▸ **Exercise prompt**
Beginning with the first line below, output every record verbatim and leave out the images.

BEGIN Stored data

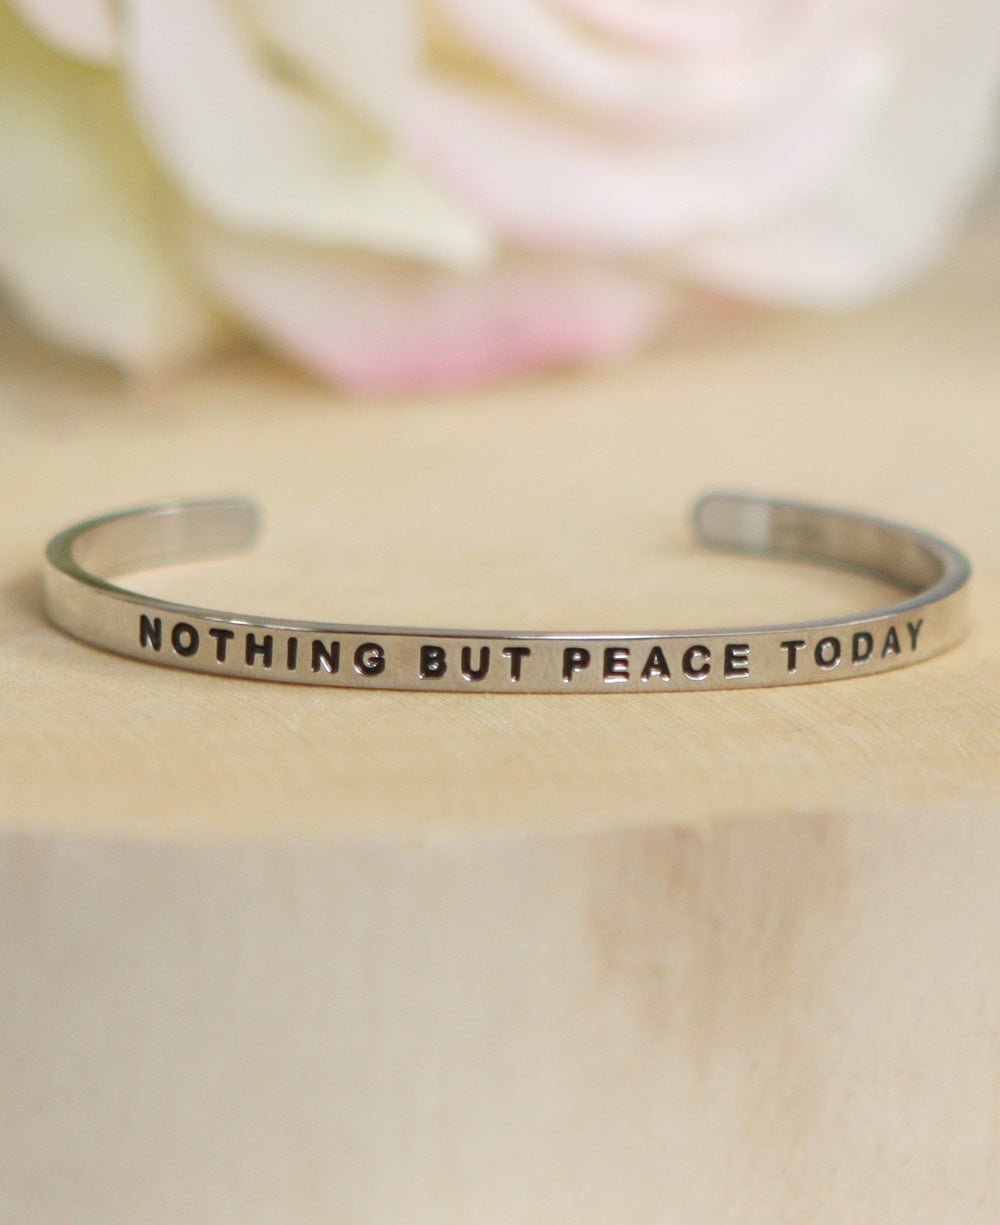 Inspirational Cuff Bracelet, Nothing But Peace Today - Bracelets
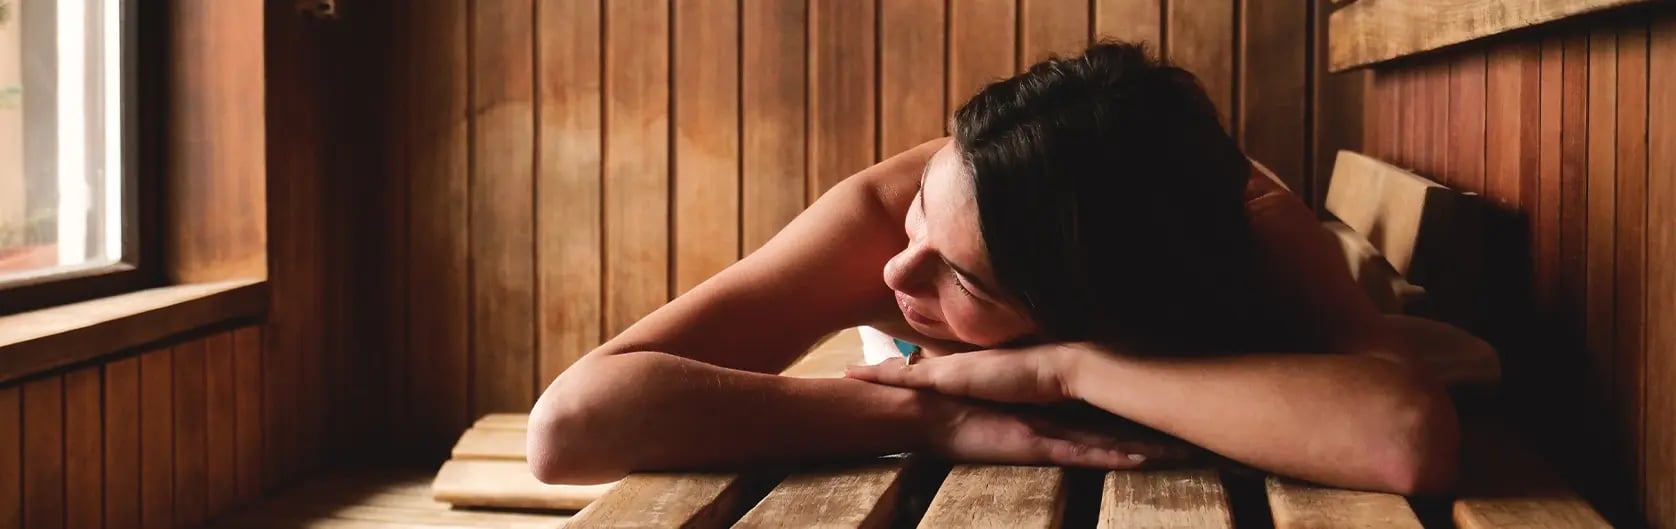 How to create a sauna ritual
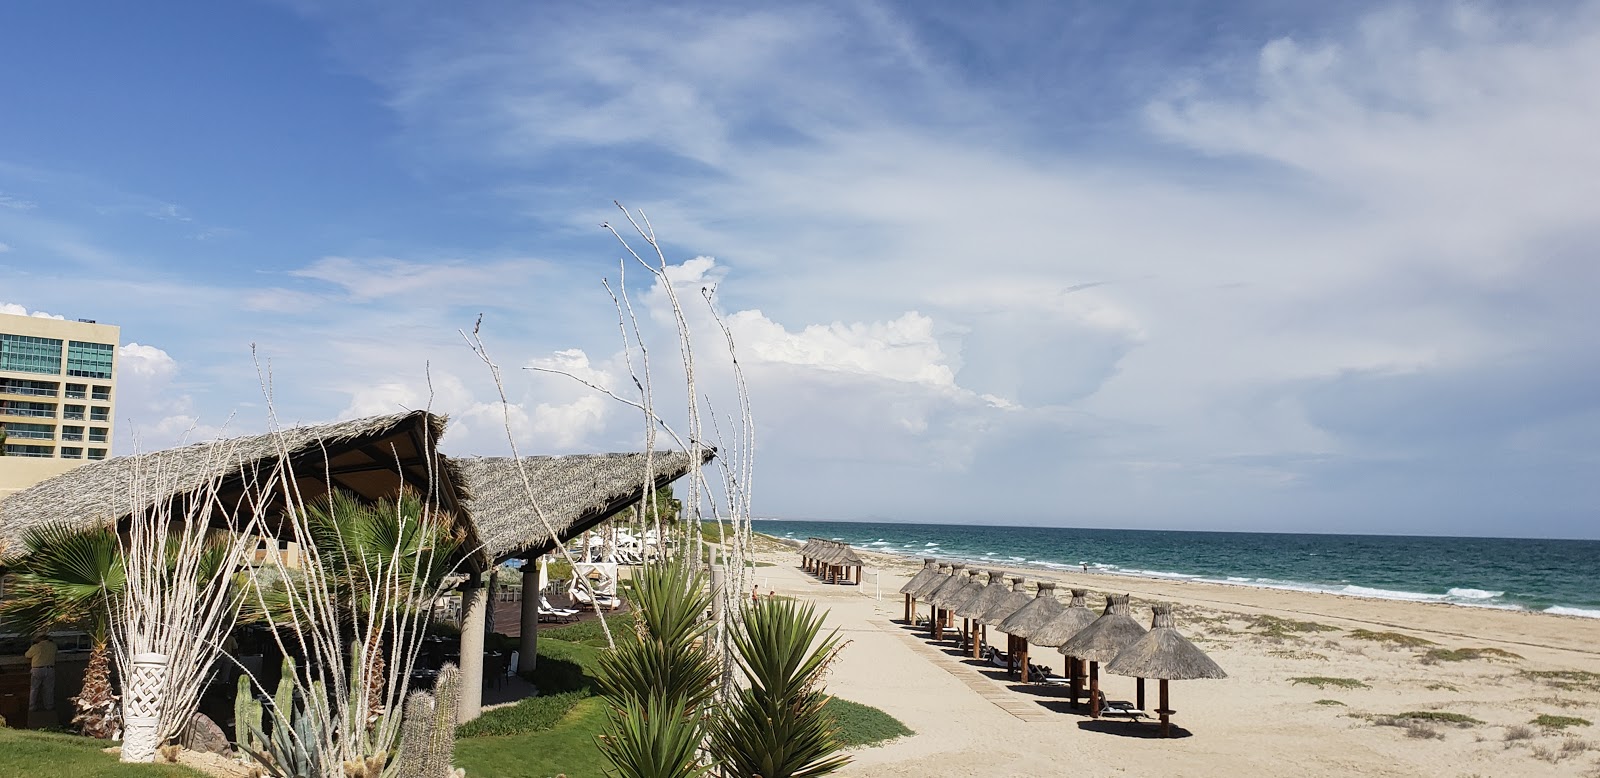 Foto af Playa Mayan med turkis rent vand overflade
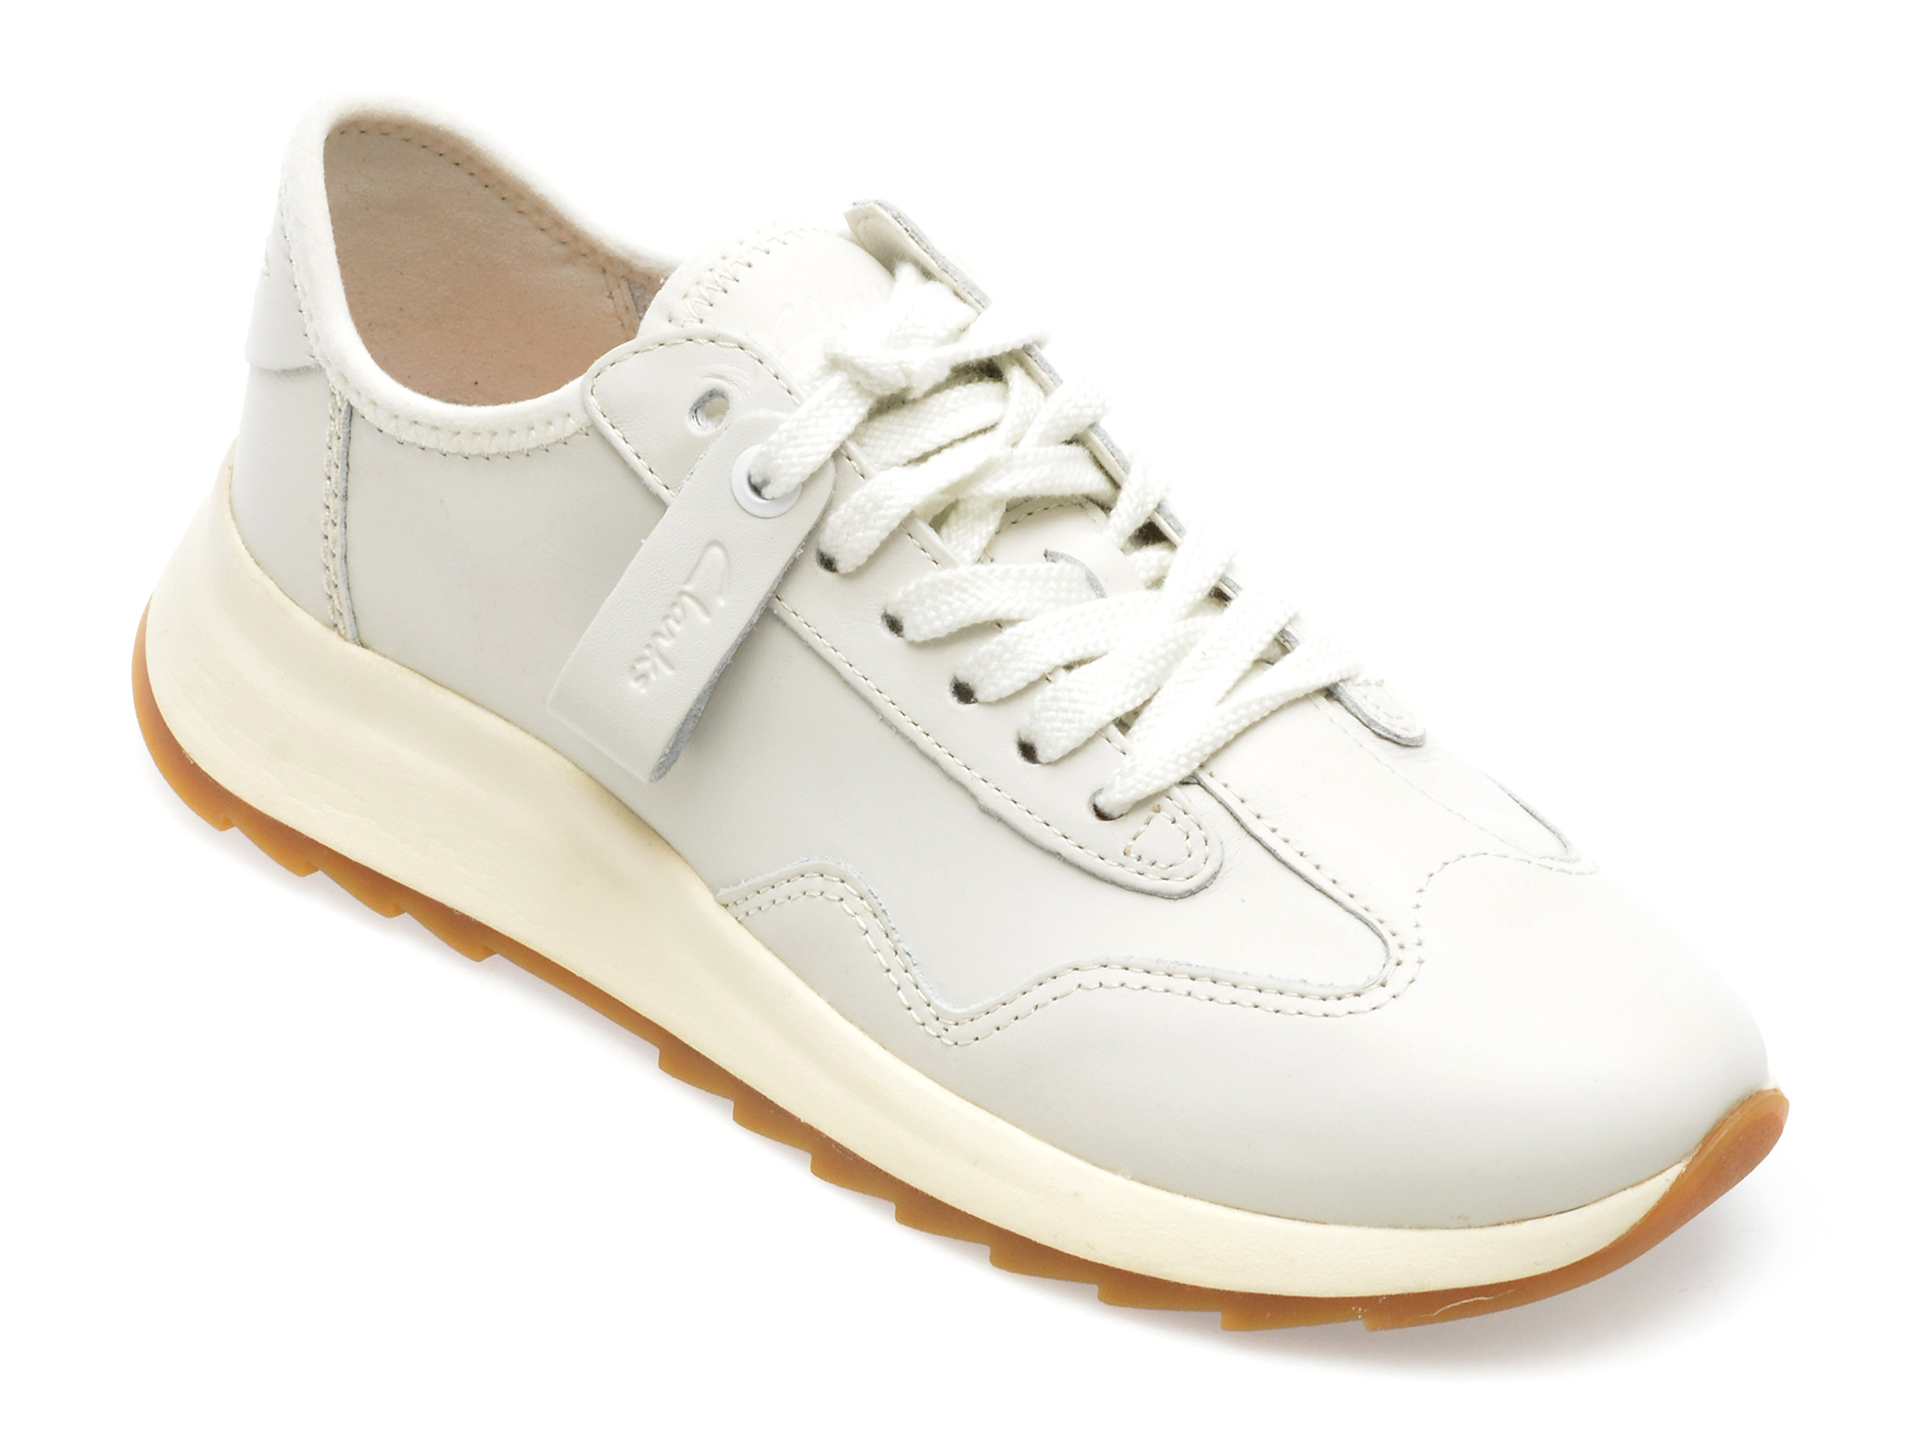 Pantofi CLARKS albi, DASLILO, din piele naturala
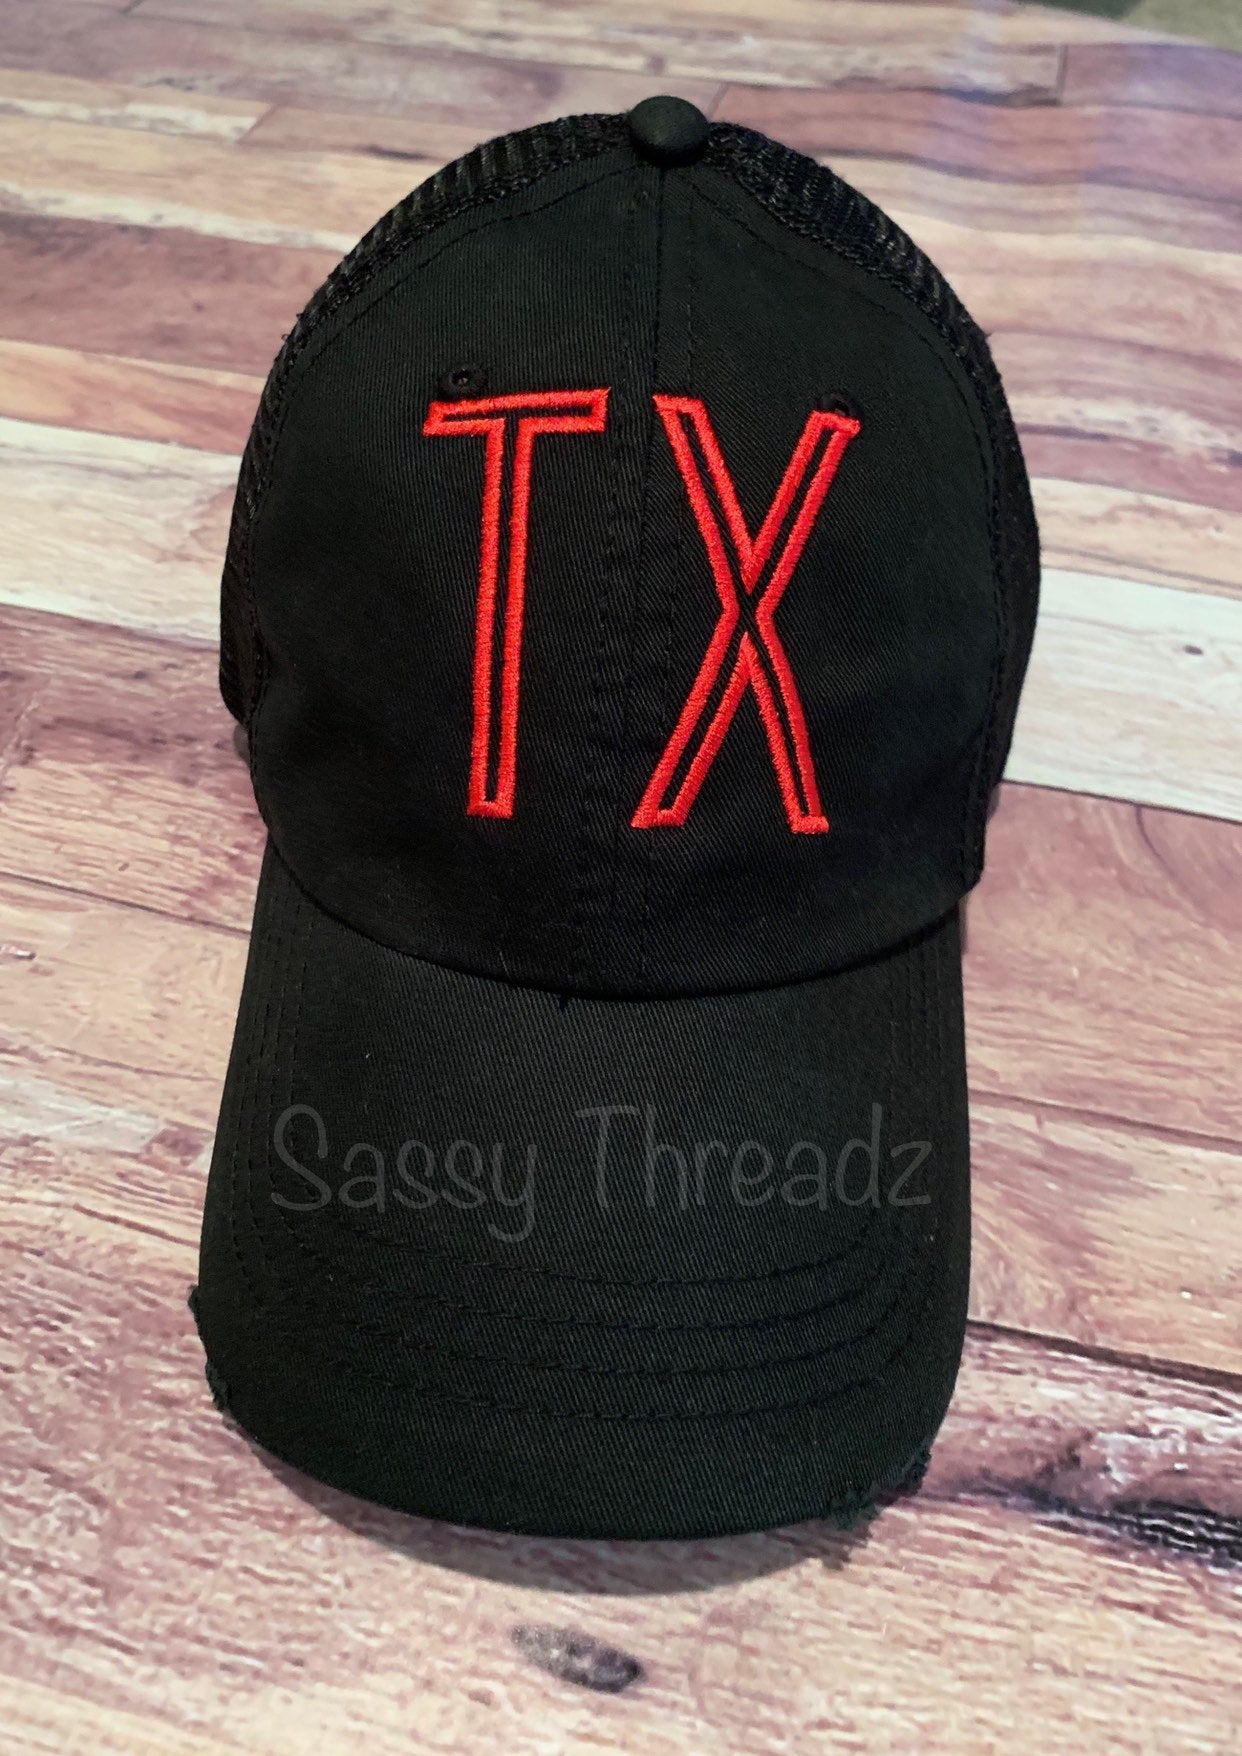 TX Texas Embroidered Trucker Hat - Sassy Threadz

END Stored data

▸ **The completed task**
 Inspirational Cuff Bracelet, Nothing But Peace Today - Bracelets
 How to create a sauna ritual
 Foto af Playa Mayan med turkis rent vand overflade
 Pantofi CLARKS albi, DASLILO, din piele naturala
 TX Texas Embroidered Trucker Hat - Sassy Threadz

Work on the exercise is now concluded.